Seriously, what's she got to complain about? To all of you who argue adamantly that there is such a thing as responsible adult drug use, be living proof of it. Anyone who still rejects you for your drug use, despite this, is probably not a good match for you, value-wise.

indeed great post, that's exactly my aim at this point in my life, in the past i've certainly fucked up and it affected my gf to a great degree but despite my current drug use, things are stable. There are still people who don't accept me as a drug addict, like my family, they know i am one but don't openly talk about it. To them, so long as i keep my shit together and don't ruin my life, they don't really care either. At first it was a huge issue but mostly because i was a huge issue being blacked out all the time. Now that i have my shit together, they couldn't tell if i were on drugs or not anyway.

So long as your drug use isn't impacting yours or another's life negatively (and sometimes it's hard to judge for yourself if that's the case, have to remain objective and take a step back sometimes) then there is no problem and only an ignorant person would take issue with it.

and yeah it's very hard to relate to someone who is so closed minded to refuse to ever try a drug (except alcohol/tobacco/coffee).

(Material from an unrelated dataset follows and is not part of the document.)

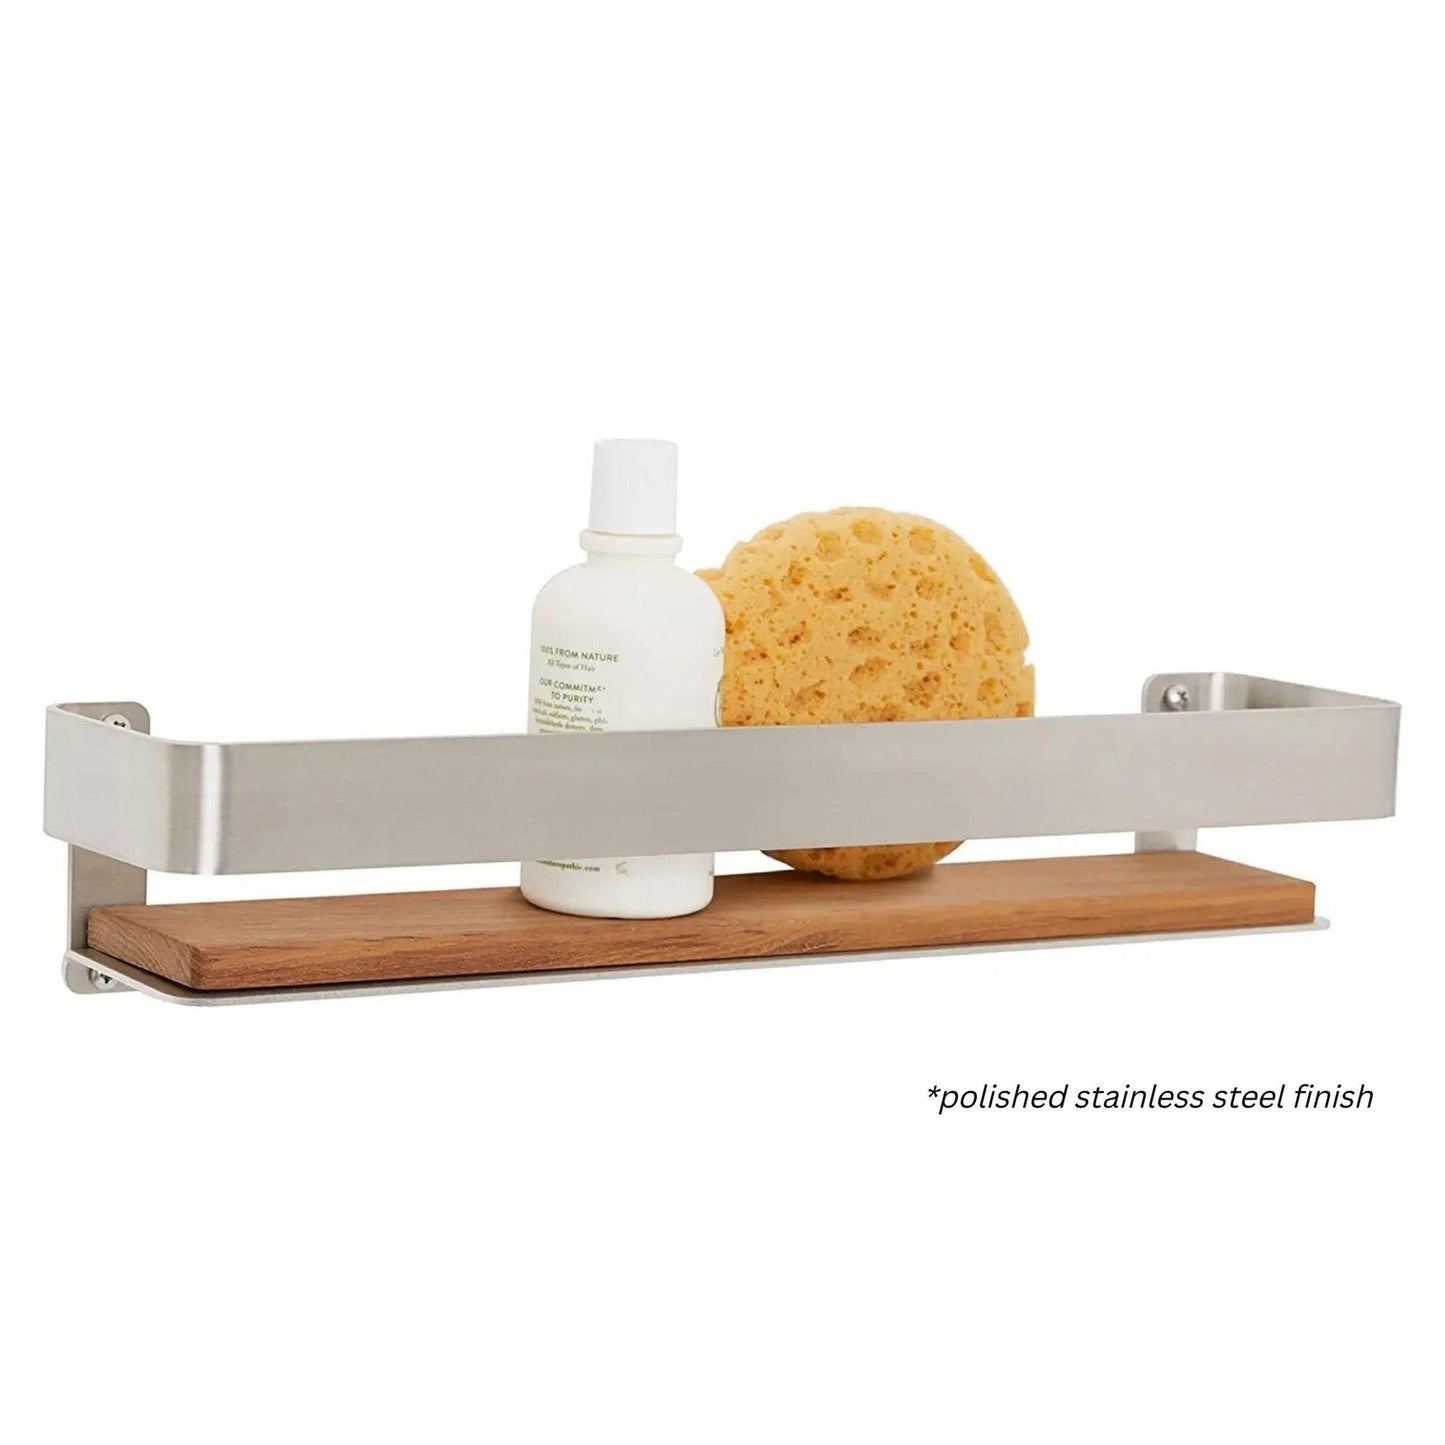 Seachrome Coronado 700 Series 18" x 4" Rectangular Shower Shelf With Rail in Satin Brass Powder Coated Finish Stainless Steel and Natural Teak Wood Insert

It's like trying to get along with a Christian fundamentalist, it's just not going to work out if your values/view of the world differs by such a great degree. I've been friends with people who only drink and they were cool with my drug use, but those were just friends, not SOs. I've also unintentionally corrupted a fair number of those people, which isn't cool but maybe it broadened their horizons.

At the same time, it's impossible to have a stable relationship with two huge addicts, especially if their drug of choice is the same. Somewhere there's a balance, my gf isn't a drug addict but used to trip with me, done plenty of stims, daily stoner. Before i met her she was put off by my extreme drug use (as were many girls i met as well) but once she became educated about drug use, didn't really see it as an issue, so long as i didn't leave us both completely broke due to my drug use.
 
At this point in my life I am willing to choose being alone to pretending to be something I am not.

Yeah basically. I can't ever see myself getting in a relationship with someone who's intolerant to drug users, or else he'd have to be really special...because A) it's a ridiculously judgemental and ignorant stance and B) I don't want to have to pretend to be someone I'm not or to lie about my past. Lying about something so big or important is a recipe for disaster in any relationship.

I'm sure it can work sometimes but it's just a shame really. I dunno...no one should feel judged or ashamed for something like that in front of their partner :\
 
If the person is intolerant to drug users / or who looks down upon them etc - It would not even reach the stage of a relationship.